The Machine can, in theory, do better than this.
Bresniker says that the current X1 modules and FPGA fabric bridge can expand to eight enclosures from the current four models without any tweaking, so that is 320 TB of memory right there. Bresniker says there is another factor of four in memory expandability that could be attained by adding another layer of the photonic interconnect on top of the ones linking the machines inside racks – much as datacenter networks have leaf/spine setups. That gets you to 1.25 PB of memory right there, and that would also yield 32 times the number of cores in the system, or 40,960 cores.
“That is about as far as I would want to take this current generation,” Bresniker tells The Next Platform. “If we want to move beyond that, we are aiming at an exascale system by the end of the decade. If I were to take the rest of this year, I bet I could prototype that is knocking on the door of a 500 TB system and find my way towards a 1 PB, but if you want to go up another three orders of magnitude, we really need to get the silicon implementation of these devices and we probably need to get greater distances in the network by moving from multi-mode to single-mode fiber optics.”
Once the Gen-Z consortium has its non-volatile memory address protocol finalized and accepted by the industry, The Machine will support that protocol over its silicon photonics and any memory that supports Gen-Z will snap into this system.
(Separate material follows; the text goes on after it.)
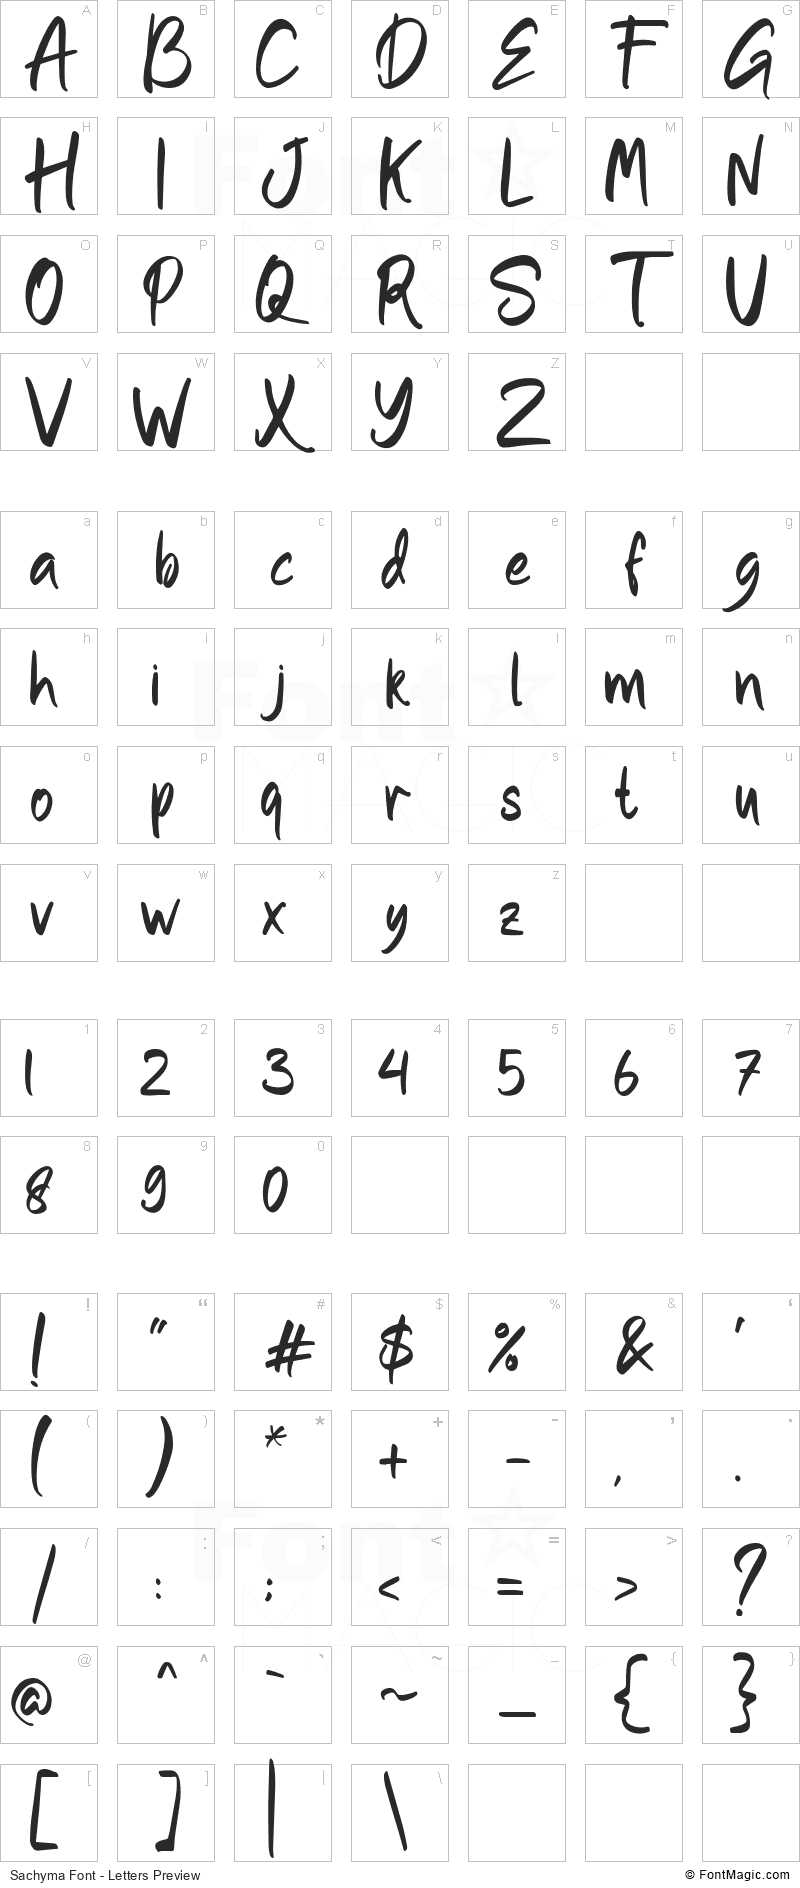 Sachyma Font - All Latters Preview Chart

Bresniker thinks, in fact, there will be a wide variety of compute and storage in The Machine.
“One of the interesting things about working on The Machine is that people still tend to think in binary terms,” says Bresniker. “They have compute and they have memory as the end points on the fabric. In reality, every piece of compute has at least some cache if not some amount of high bandwidth local memory, and every piece of memory is going to at least have cryptography for security and wear leveling and erasure coding for robustness. So there is no pure end point. There is compute-like and memory-like, but they are all an interesting mix. With an open interface like Gen-Z, we can make those mixed end points on the right process at the right price points, and make small-scale investments and they do not have to develop a full-blown SoC.”
Capacity is only one element of performance on things like graph analytics. So the hardware and software engineers at HP Labs are working together right now to tweak the algorithms that govern memory accesses on the box. Bresniker says that the software engineers will be able to improve performance by one or two orders of magnitude, and adds that the 160 TB edition of The Machine is more stable than expected and delivering about what HPE expected in terms of performance compared to the Superdome X testbed it has been using. The final test results are not done yet, so Bresniker can’t be precise.